Statistical analysis on ERPs confirmed significant early differences between conditions. A significant interaction effect of the factors Time, Storage, and Combination (F(1, 16) = 6.59, p = .02, ηp2 = 0.29; Figure 4A) showed a nonadditive influence of these factors in the 70–210 window. The Bonferroni test (corrected for 16 comparisons) confirmed that the response to the well-formed stimuli was significantly different (more negative-going) from the ones to the unstored (p = .018) and double violation (p = .006) conditions in the first half (70–140 msec) of the early time window. In contrast, the second half-window (140–210 msec) showed less negative-going ERPs to the double violation condition as compared with those to well-formed (p < .001), unstored (p = .008) and ill-combined (p = .02) strings (Figure 4A and B). Comparing condition-specific differences in ERP amplitudes between the first and second halves of the early window revealed a significant increase only for the single-violation conditions (unstored: p < .001; ill-combined: p = .004; see Figure 4A). From the same analysis emerged a significant interaction of Time and Laterality (F(1, 16) = 6.24, p = .023, ηp2 = 0.28). Repeating the same analysis without the Laterality factor and including the midline electrodes confirmed the interaction of Time, Storage, and Combination.
MMN responses obtained by subtracting ERPs to the standard stimuli from the critical deviant syllable ERPs confirmed the Time × Storage × Combination interaction, resulting in the same statistical results as the deviant ERP analysis (F(1, 16) = 6.59, p = .02, ηp2 = 0.29), because the same standard response had been subtracted from all four deviant conditions. Post hoc tests also confirmed the differences revealed by the deviant responses. Likewise, the interaction of the factors Time and Laterality was confirmed (F(1, 16) = 6.24, p = .023, ηp2 = 0.28), and a significant main effect of Time (F(1, 16) = 24.9, p < .001, ηp2 = 0.6) emerged because of larger MMNs in the second subwindow. Note that the Time × Storage × Combination and the Time × Laterality interactions were present in the deviant responses already; therefore, these interaction effects can be attributed to the deviant responses.
Late Time Window
The positive deflection elicited by the critical deviant syllables was followed by a negative ERP ranging from ca. 300 to 500 msec (Figure 3A), which corresponded to the second deflection of the RMS curve (Figure 2). In this time range typical for the N400, single violation conditions tended to show more “less positive-”/more negative-going ERPs/MMN. However, the ANOVA performed on the data from the late interval following the critical construction-final syllable did not confirm any between-condition differences.

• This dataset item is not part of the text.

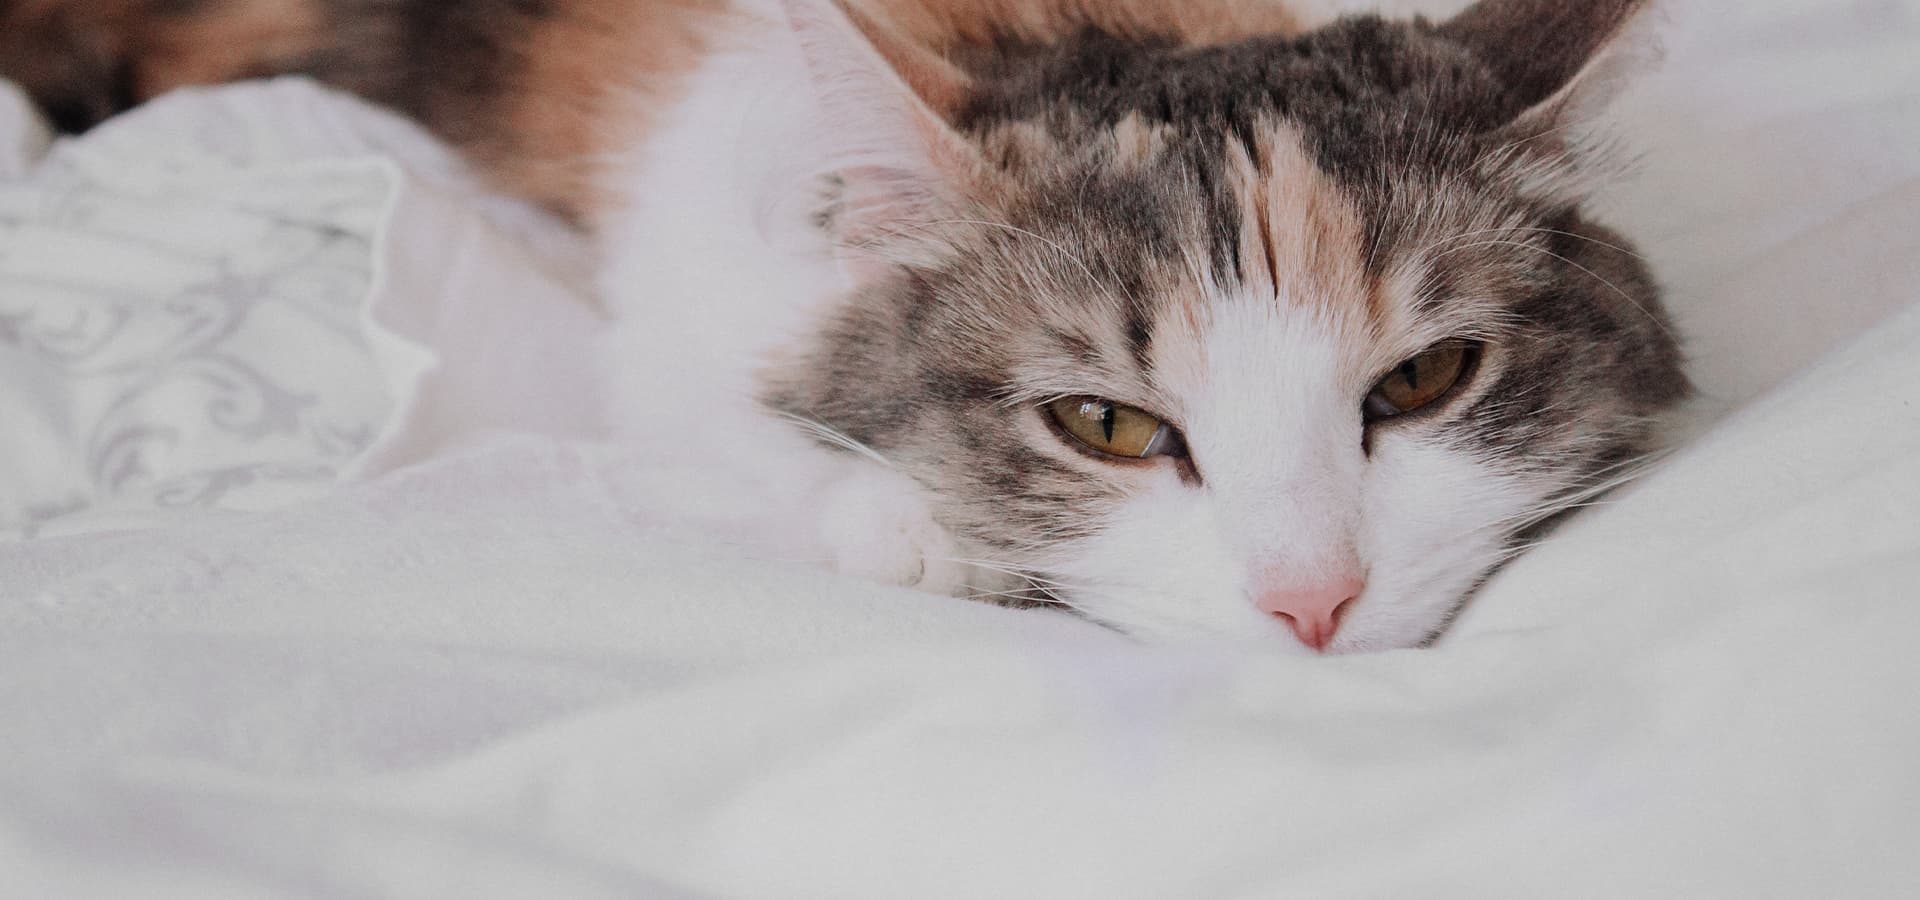 Tricolor Katze liegt auf einer weißen Decke
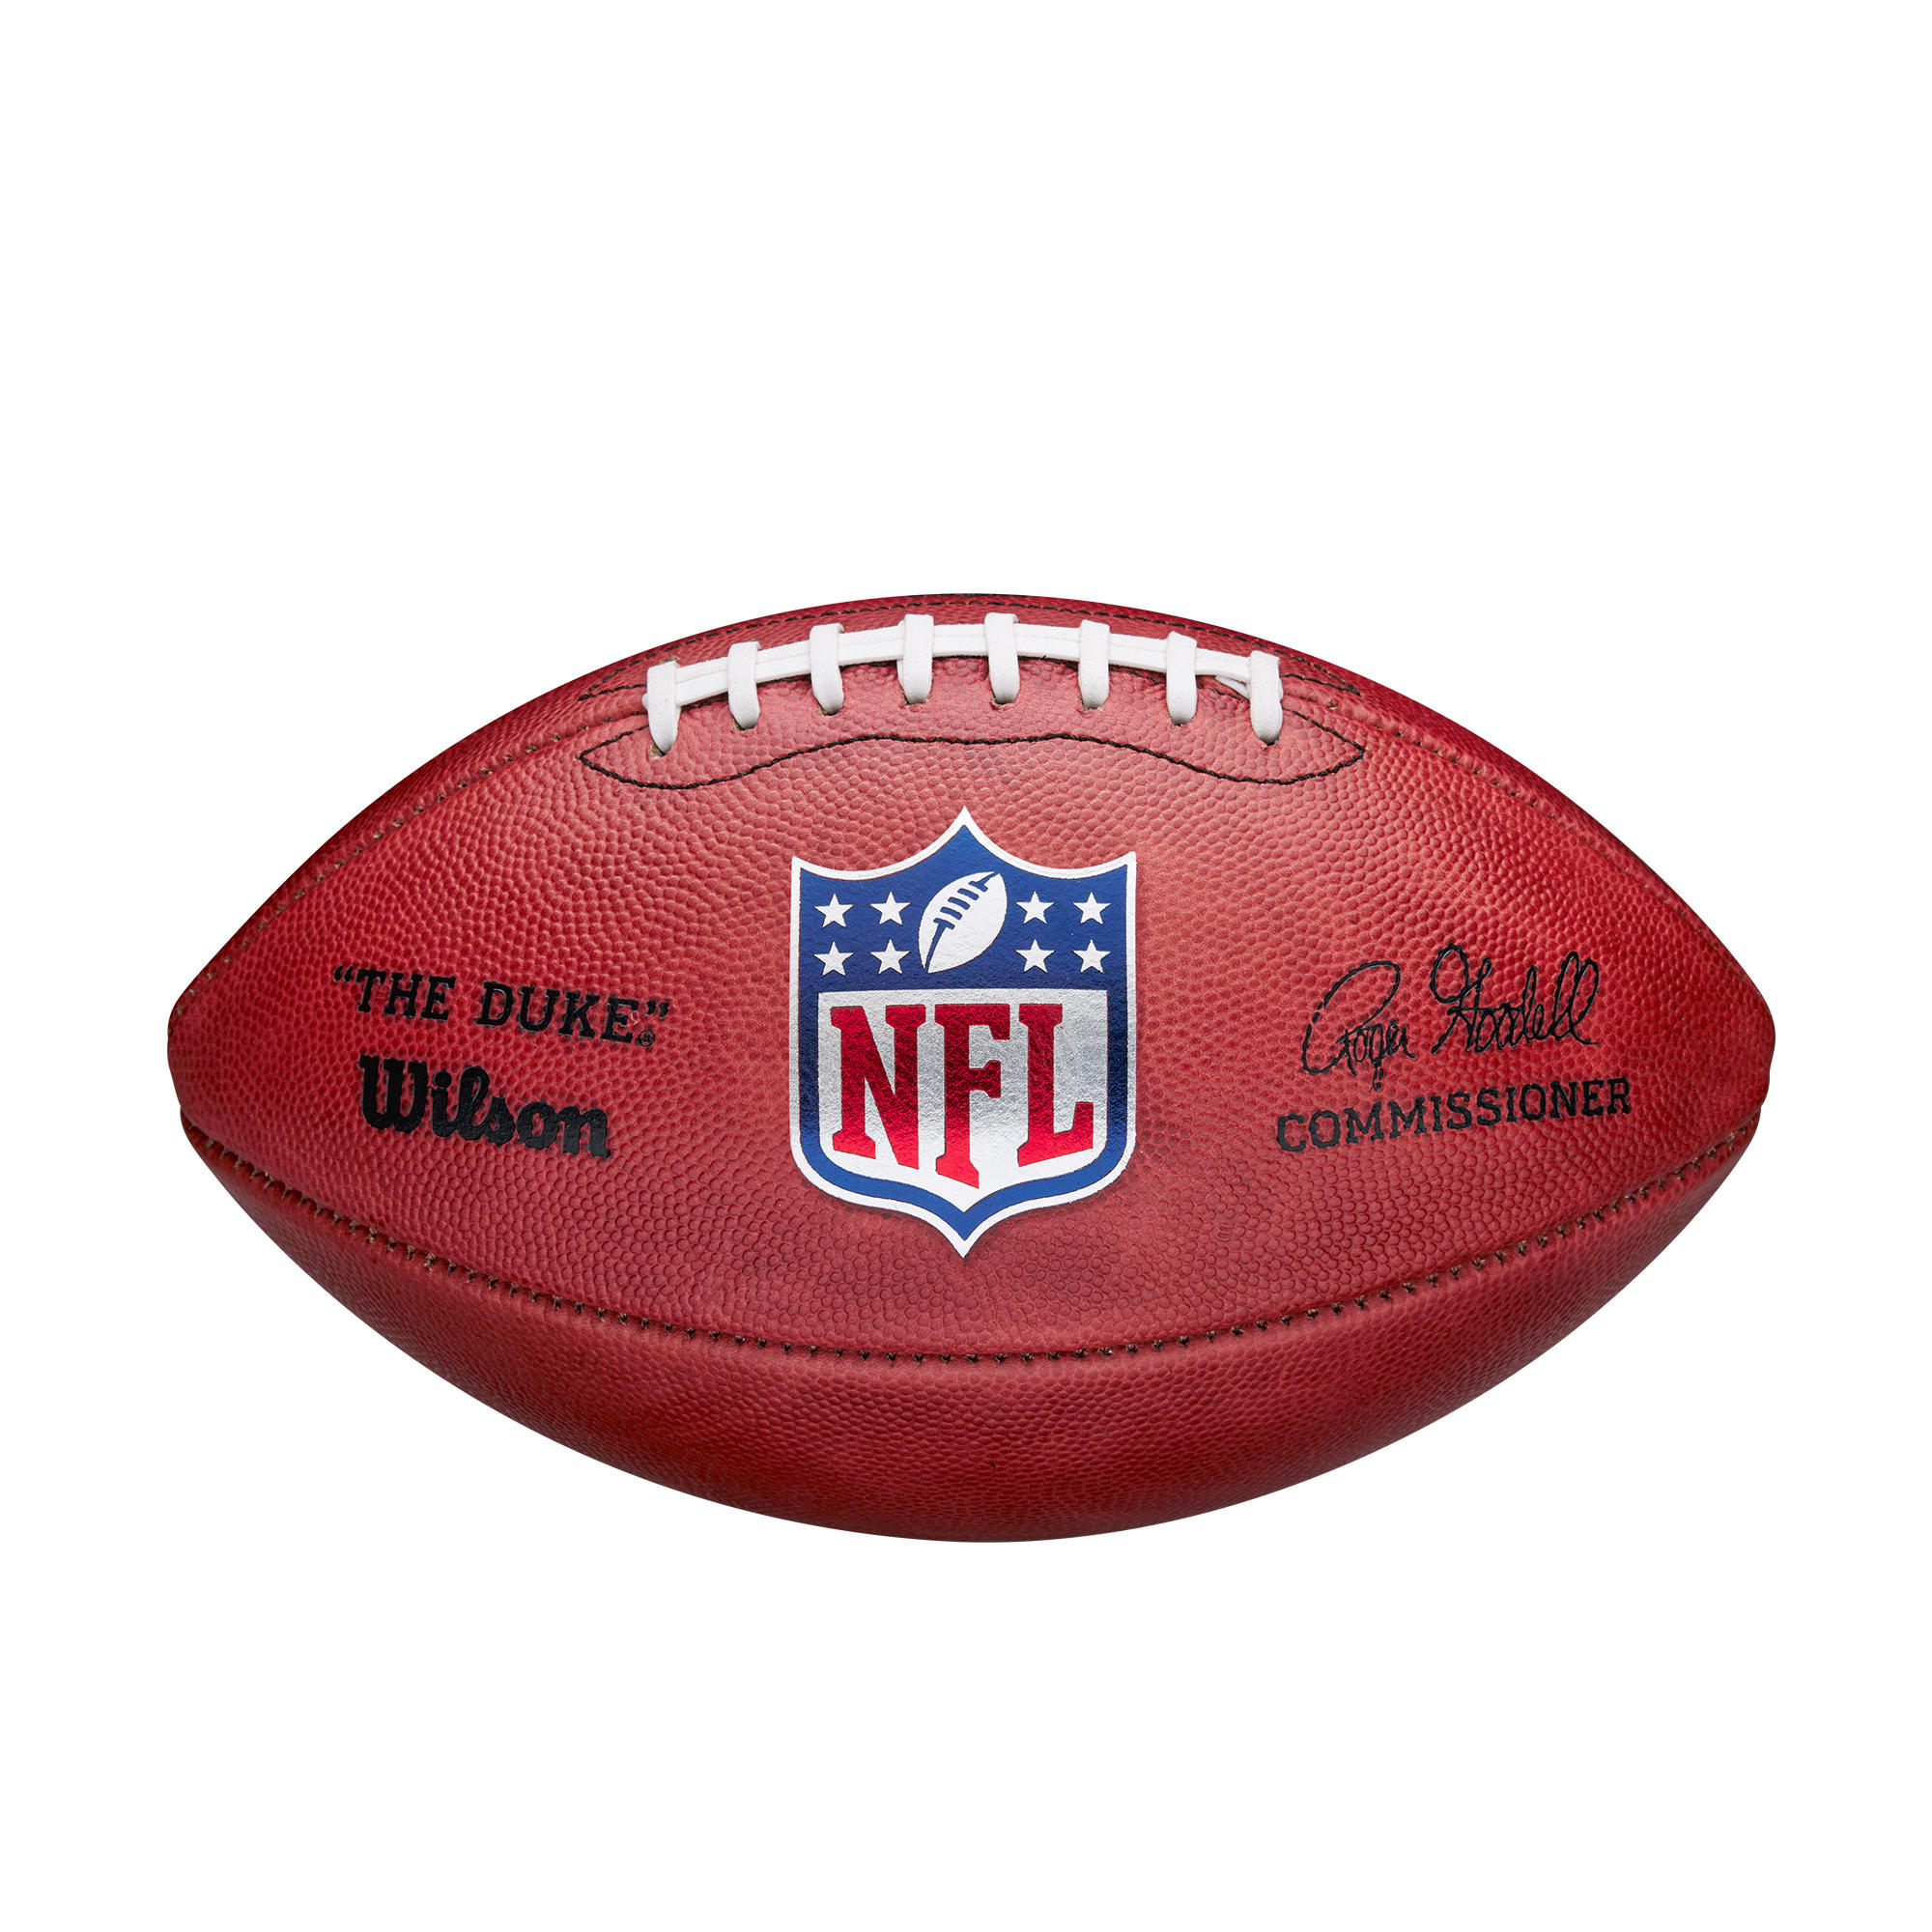 WILSON NFL DUKE GAME BALL Ballon officiel de la NFL en cuir pour les 14 ans et plus - WILSON - Official

In an orthogonal design balancing out any additive effects of the contexts and the critical disambiguating syllables, we found early MMN brain responses indexing processing differences between stored words versus “unstored” pseudowords, differences between grammatical phrases and strings violating combinatorial morphosyntactic agreement rules, and, crucially, an interaction effect of these storage- and combinatorially related properties. This interaction between Storage and Combination emerged between 70 and 210 msec after critical disambiguating syllable onset, where MMNs to well-formed phrases were larger than those to double violation strings, but unstored and asyntactic “single violation” conditions produced initially small MMNs, which significantly increased over time and paralleled those of well-formed phrases toward the end of the early time window. The differential dynamics across the four conditions were manifest in a significant interaction of the factors Storage, Combination, and Time. These results indicate that the brain computes combinatorially flexible parts of constructions and whole form-stored ones at similarly early latencies and within (one or more) interactive system(s). Phrased in more traditional terms, our results suggest that “lexical/symbol access” and “syntactic rule application” run in parallel, interacting with each other within the first ca. 200 msec after the onset of the disambiguating syllable. An anterior negativity dominating the time interval around 400 msec failed to reveal significant differences between conditions in the present “nonattend” task. The early interaction involving Storage and Combination factors may raise questions about psycholinguistic models claiming that modular syntax processing emerges first and interacts with other mechanisms only later. Below, we will explain and discuss the present results in context of previous research in the neurophysiology of language, also highlighting their potential implications for linguistic and brain theory.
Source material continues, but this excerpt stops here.